◆ Your goal
After finding the line with "Kráter Ngorongoro", restate it and each remaining line of the material word for word, omitting every picture.

◆ Given information
---*---
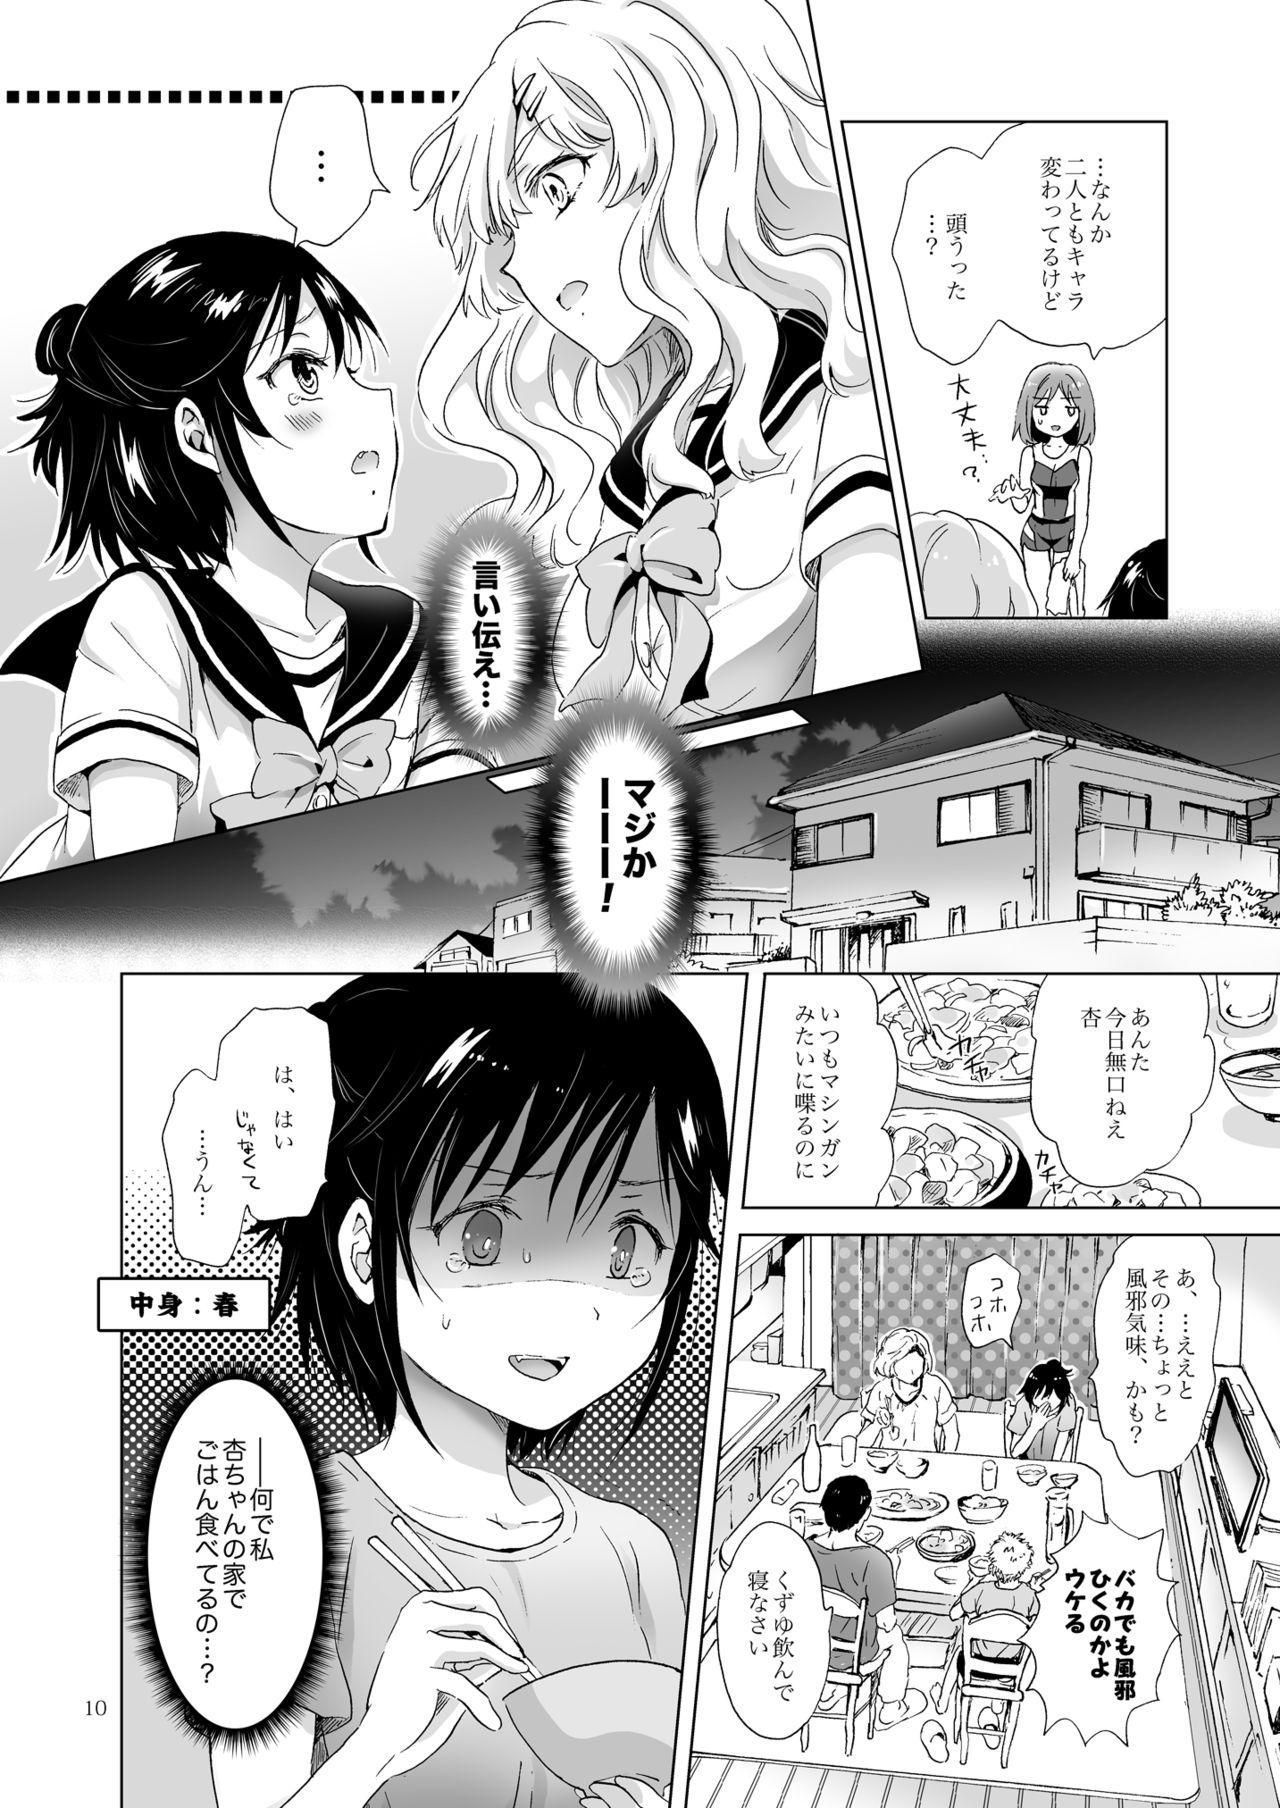 [peachpulsar (Mira)] Oppai-chan to chippai-chan ga irekawaru hanashi [Digital] 8
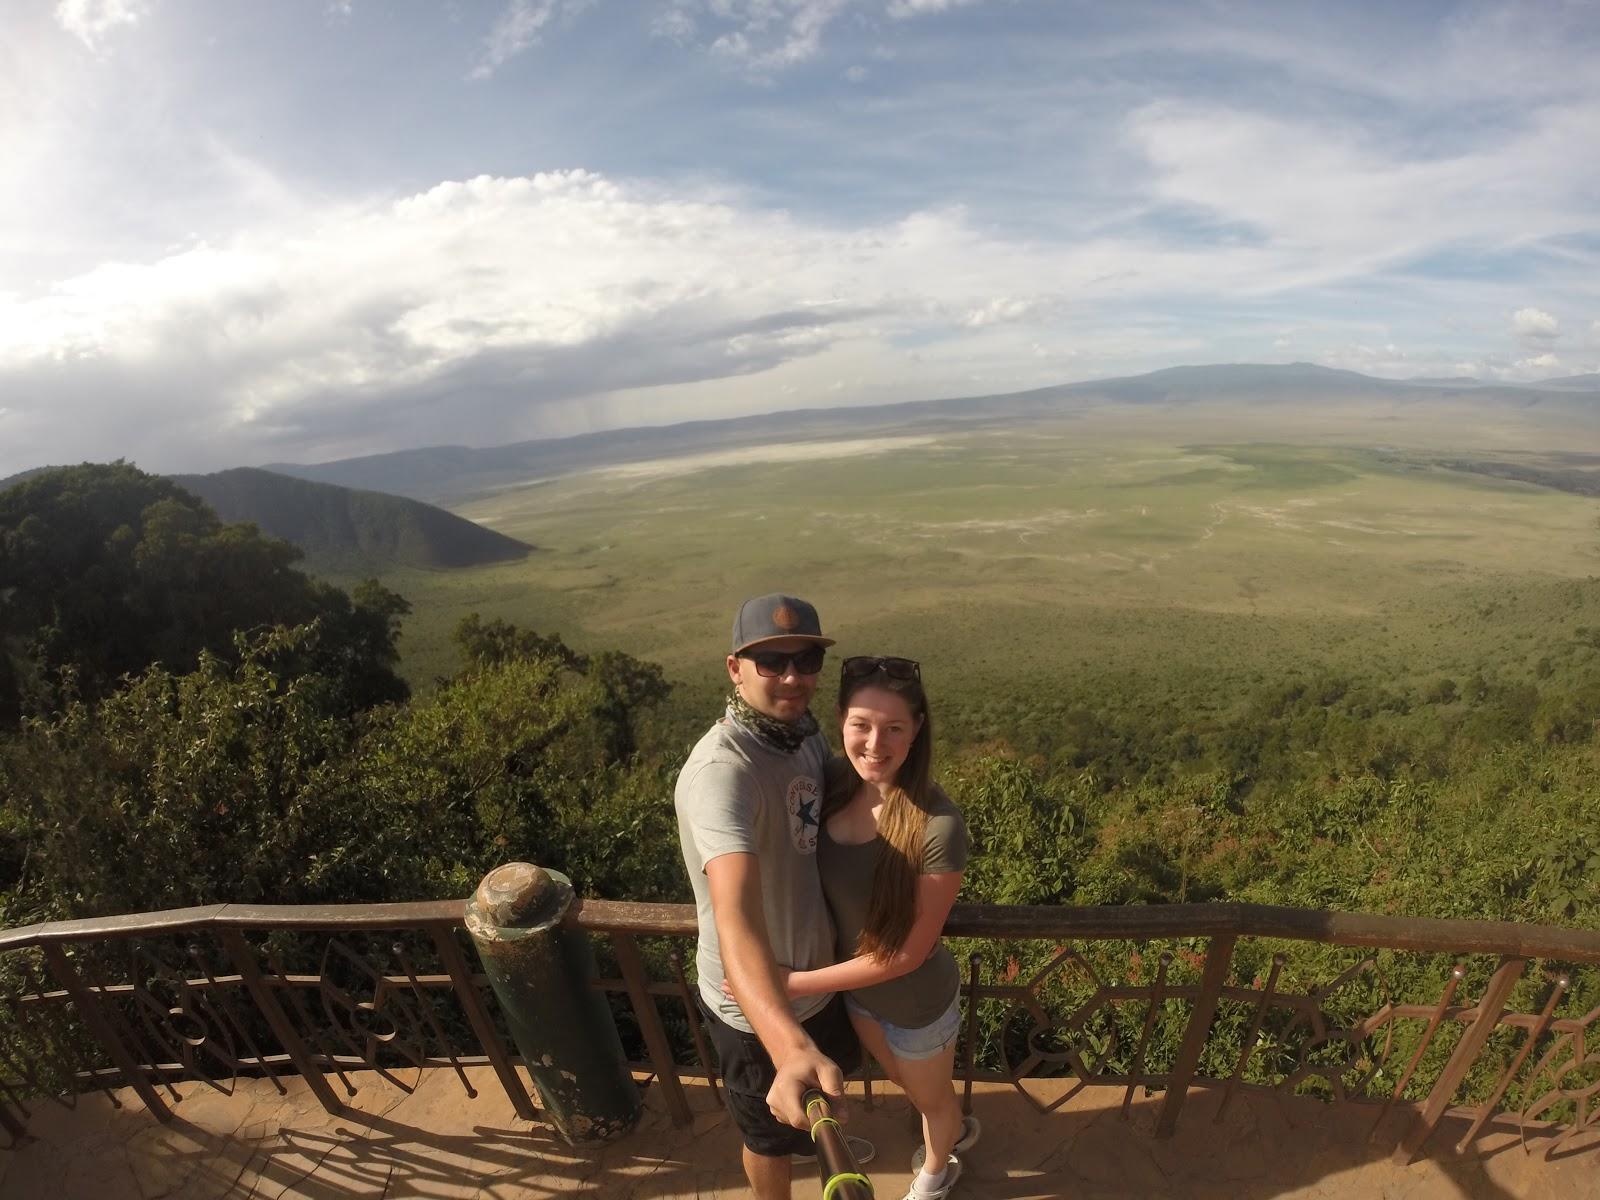 Kráter Ngorongoro
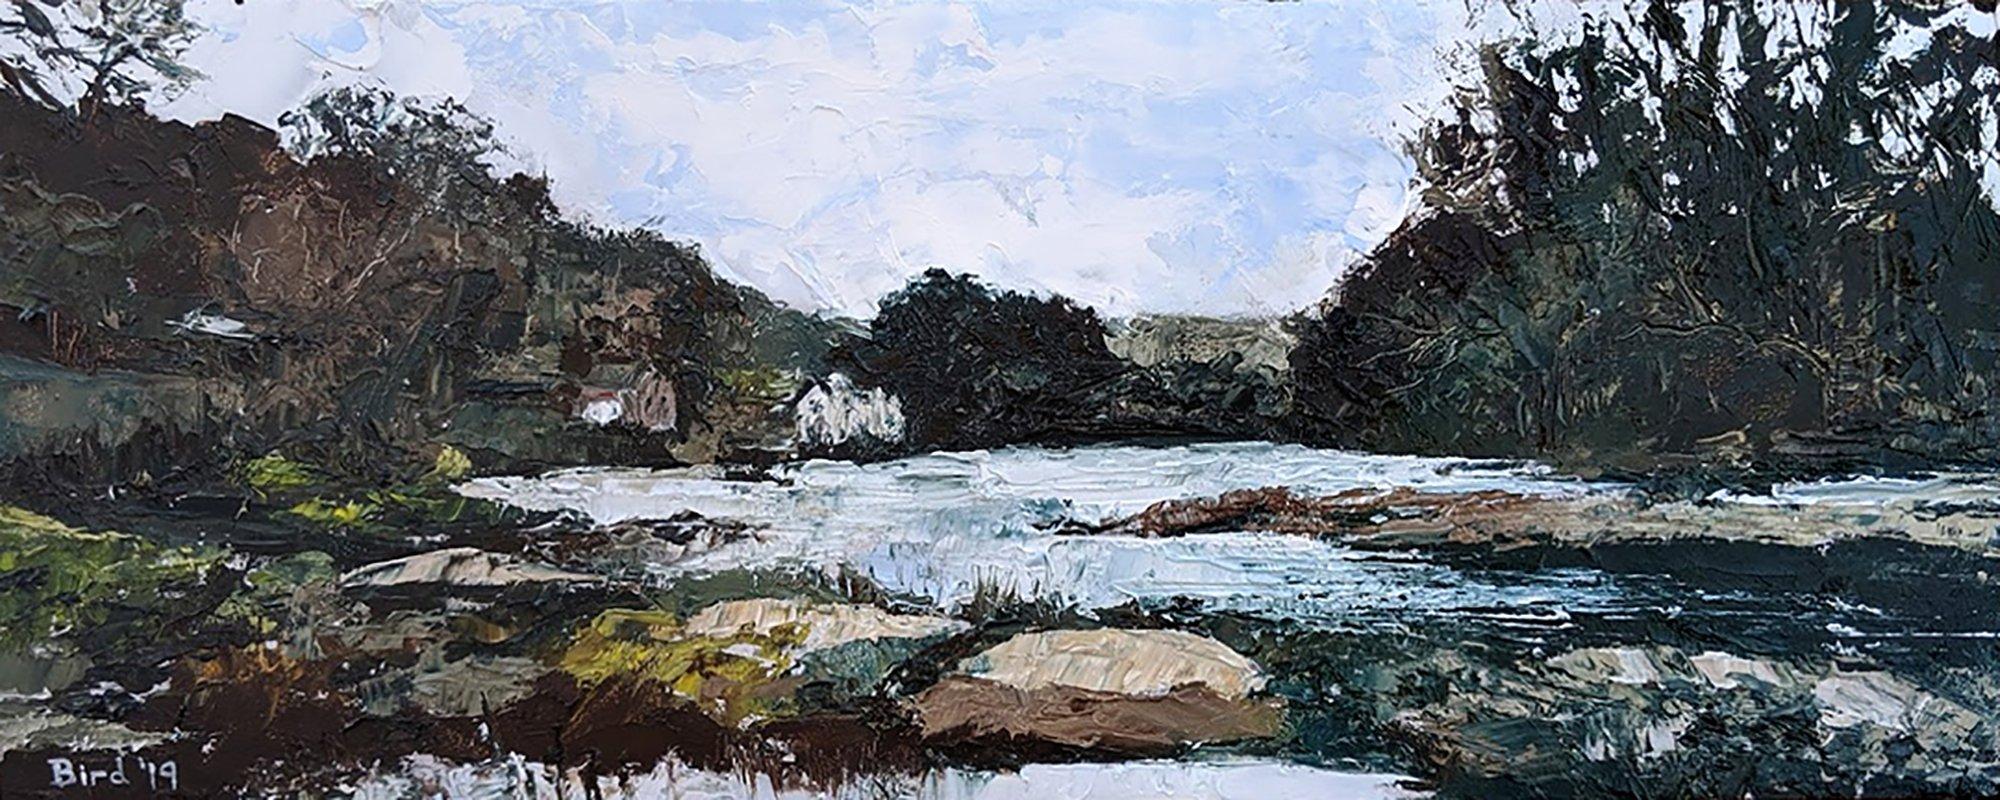 "The River Dee at Llangollen - Upstream - Oil on board 15""x6"" £200"
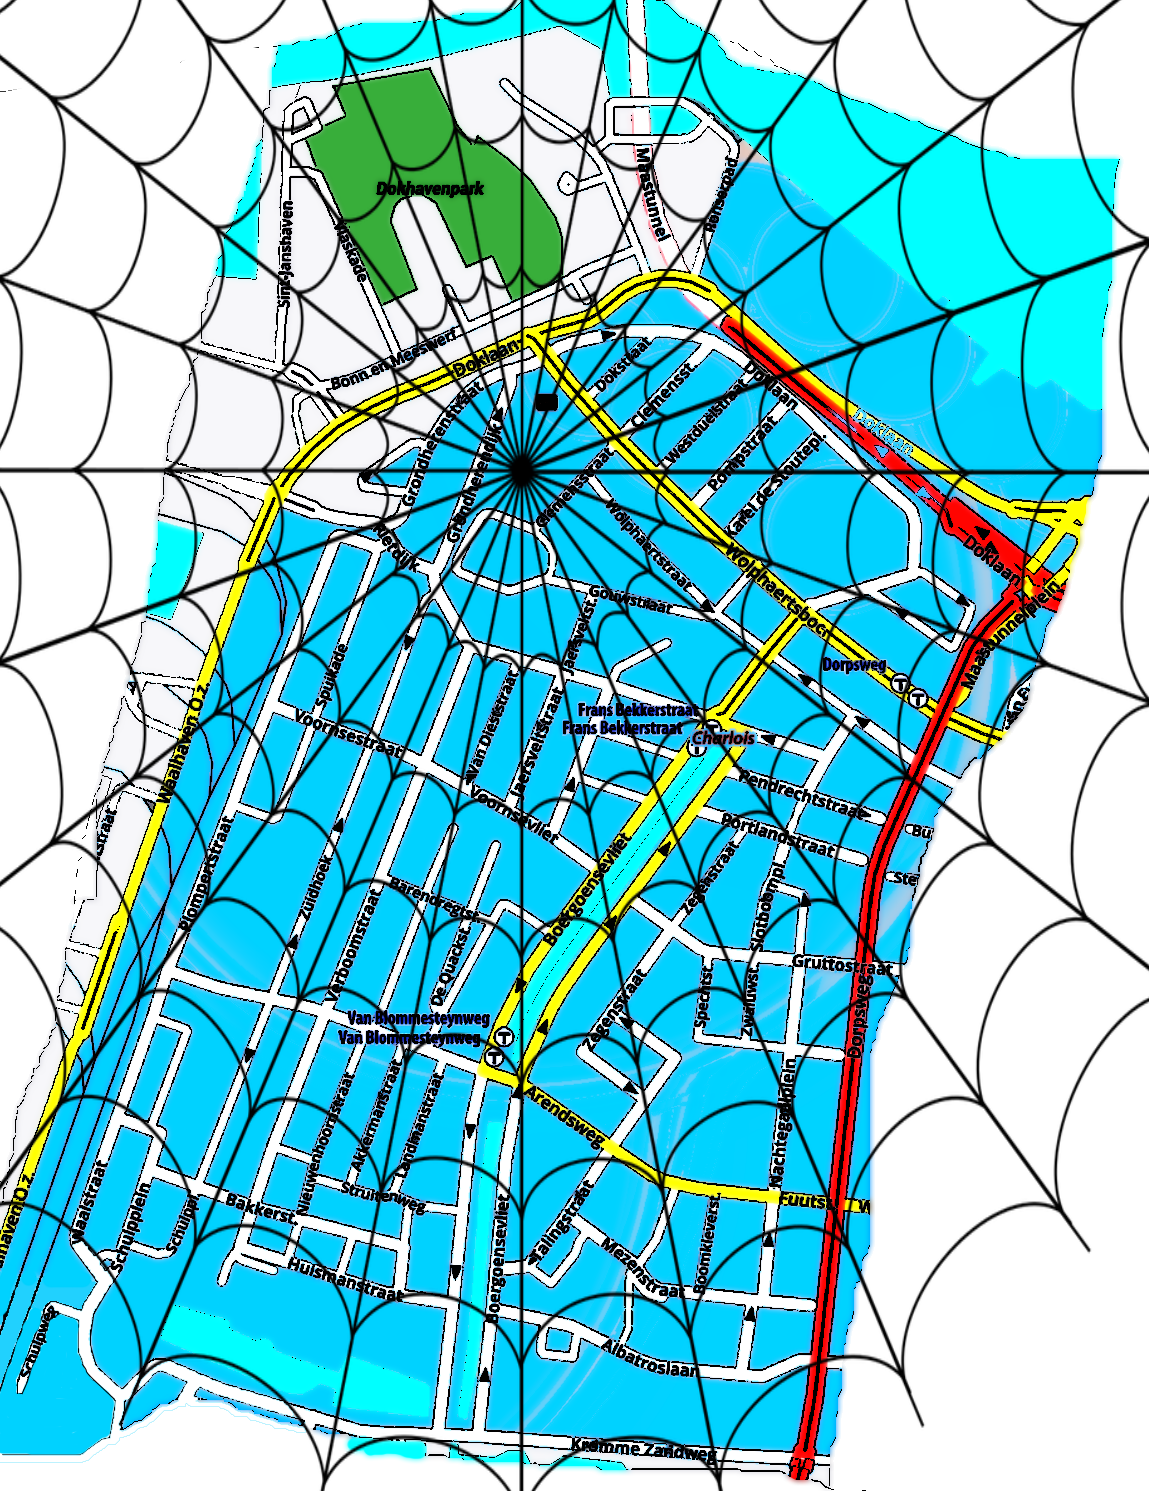 oude-kaart-werkgroep-oud-charlois-rotterdam
---*---
◆ Expected output
 Kráter Ngorongoro
 "The River Dee at Llangollen - Upstream - Oil on board 15""x6"" £200"
 oude-kaart-werkgroep-oud-charlois-rotterdam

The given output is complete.